BLM has been linked to chromosome segregation⁴⁰ and BLM-deficient cells display a higher frequency of micronuclei⁴¹, both of which can result in aneuploidy. When we assessed the WT and Blm^−/− cells for instances of local and chromosomal CNVs, we found that although there are significant differences between the individual cell lines, no trend can be seen indicating that Blm^−/− cells contain more or fewer such events (Fig. 5b, c).

Discussion

Elevated SCE rates are a hallmark feature in cells from BS patients^2,3, but the exact mechanism behind this phenotype is not fully understood. A major obstacle to unravelling the cause of BS SCEs was that SCEs cannot be accurately mapped using standard cytogenetic detection methods. For this study, we used Strand-seq for SCE detection, as this technique does allow for high-resolution mapping. Even though the technique is limited by loss of DNA during preparation of single-cell sequencing libraries, leading to low coverage within individual libraries (~ 1–2% genome coverage), we show here that SCEs in both normal and BS cells could be mapped at kilobase resolutions, allowing for robust analysis on SCE locations and thus their causes.

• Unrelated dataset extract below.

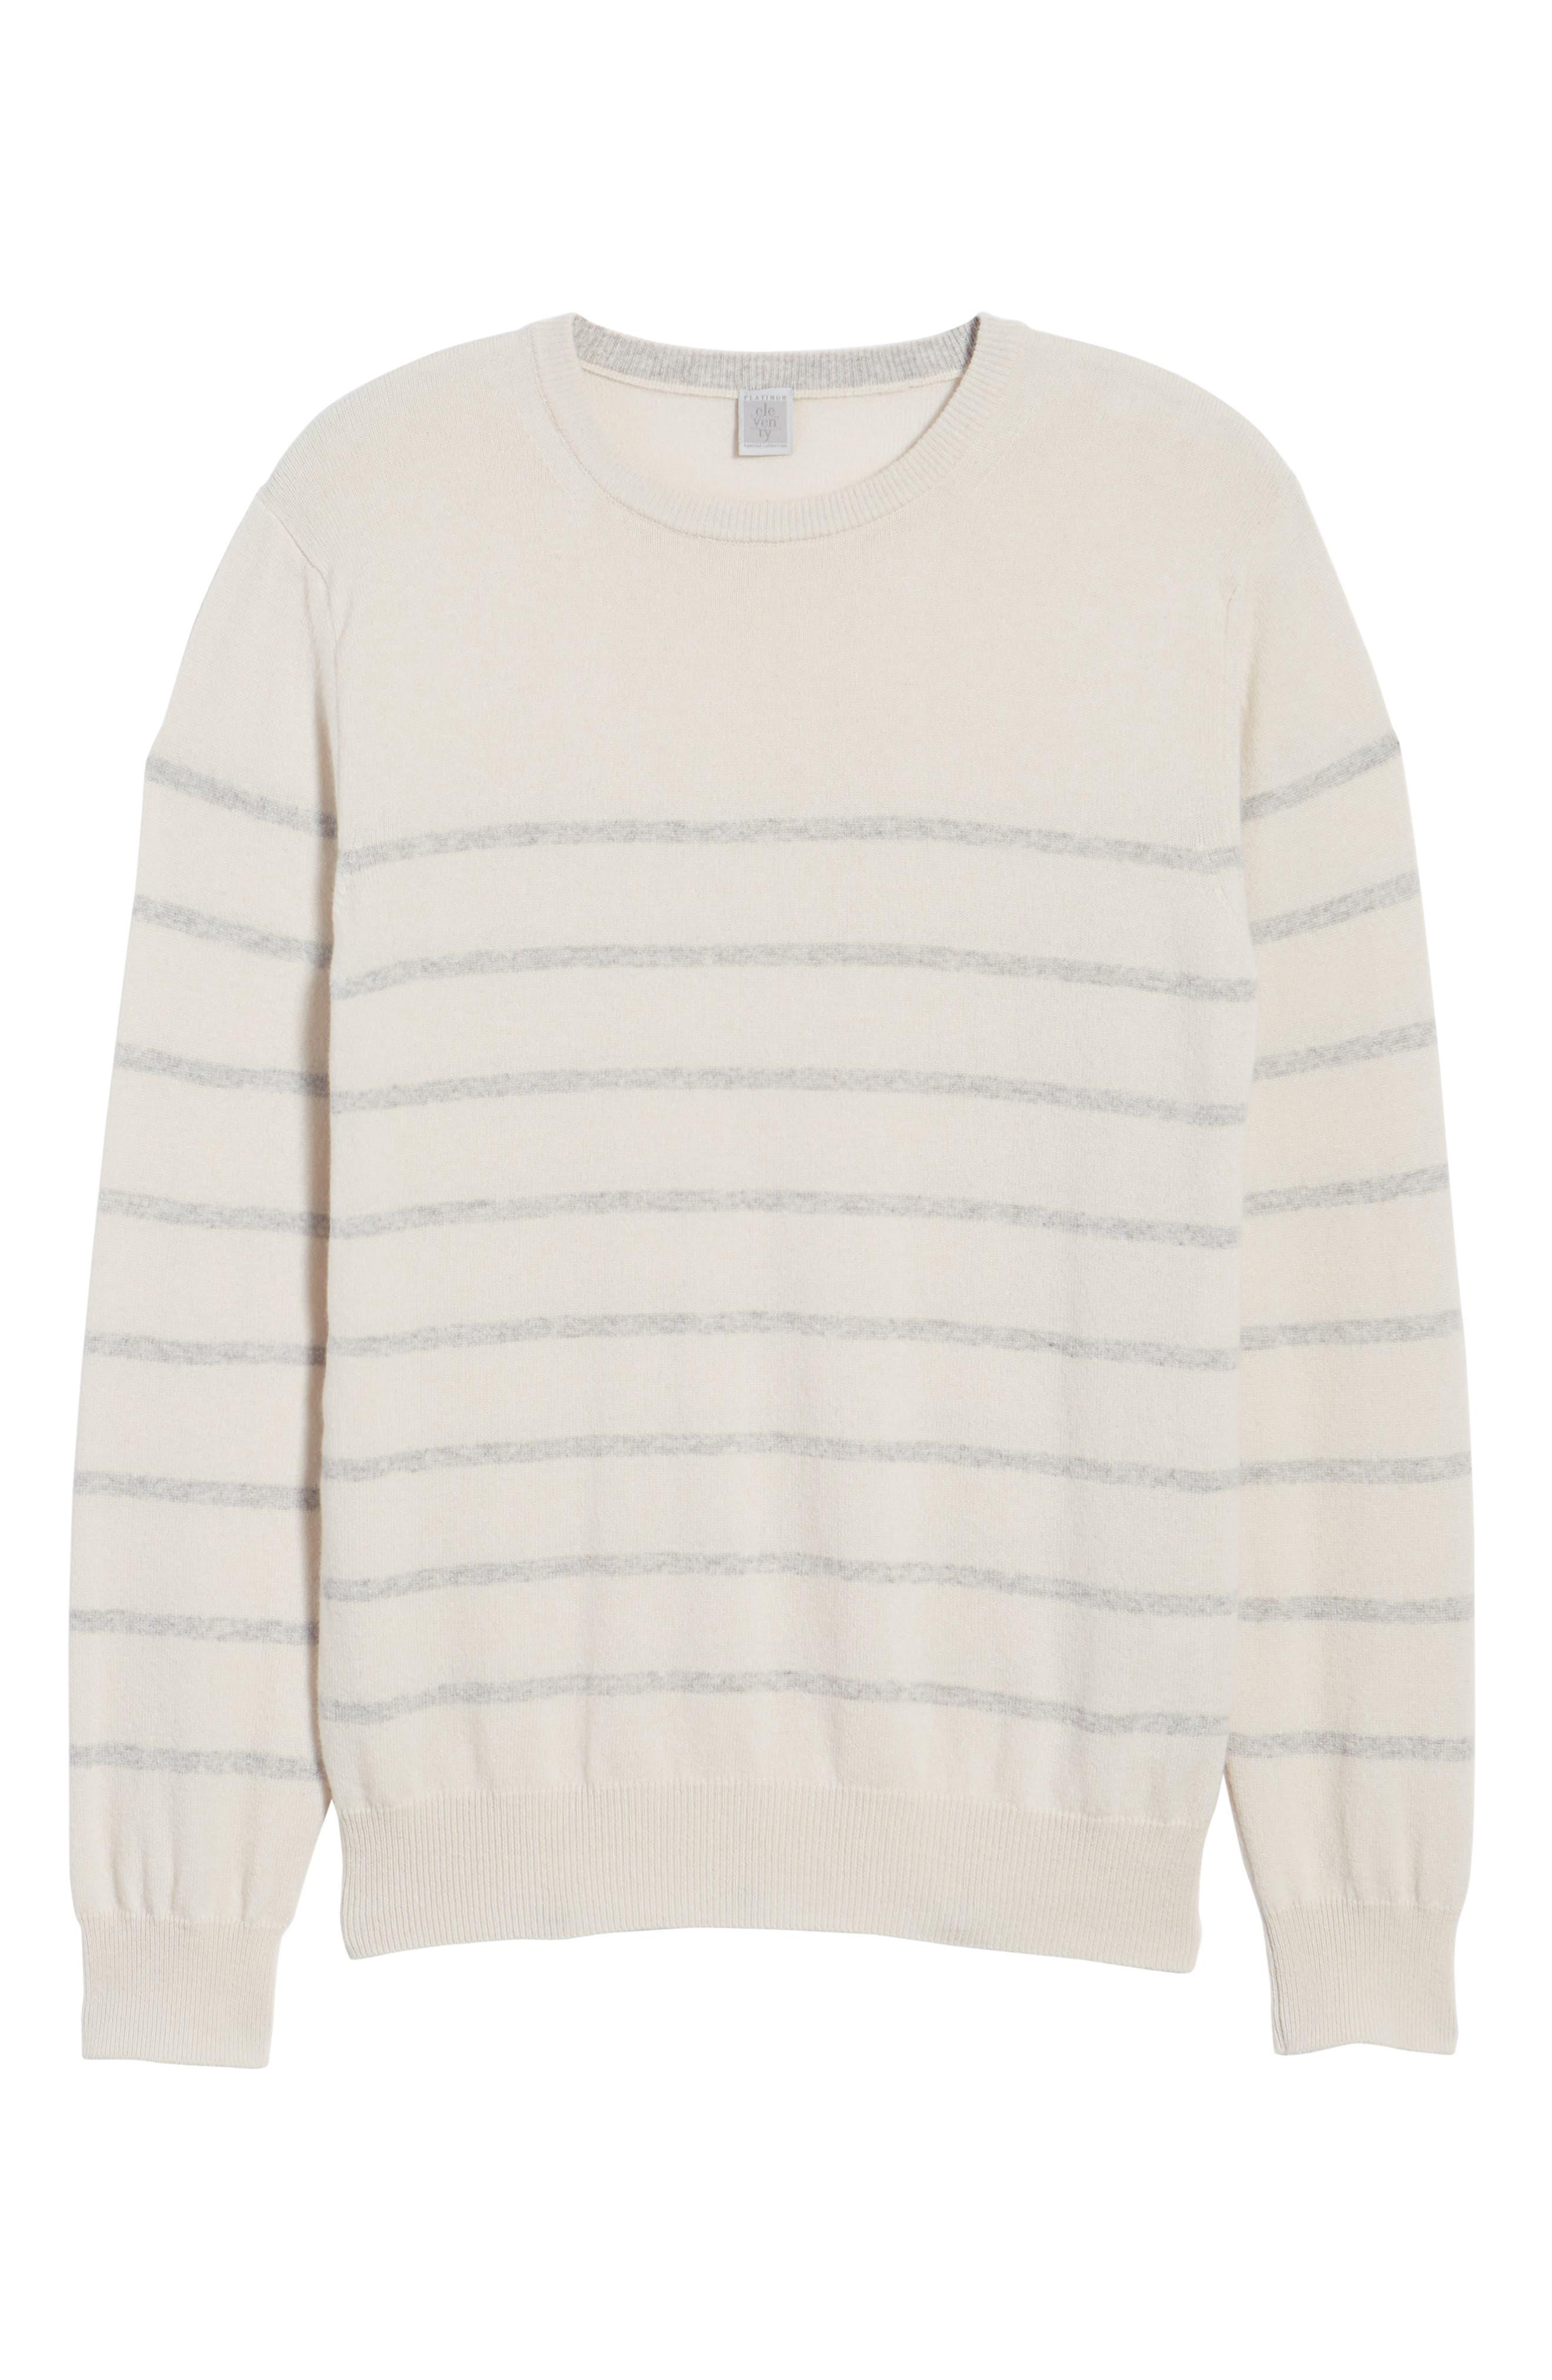 Cashmere Crewneck Sweater,                             Alternate thumbnail 6, color,                             Ivory

We show that SCEs frequently occur at sites of G4 structures in both BLM deficient human and murine cells. While there does not appear to be a direct effect of transcriptional activity on SCE enrichment patterns, strong SCE enrichments in BS cells were observed in transcribed genes containing one or more G4 motifs, especially when the G4 motif was present on the transcribed DNA strand. The observation that SCEs were enriched on homolog-specific G4 motifs in the Blm mutant ES cells provides further evidence that, in the absence of BLM, G4 structures can directly trigger SCE formation.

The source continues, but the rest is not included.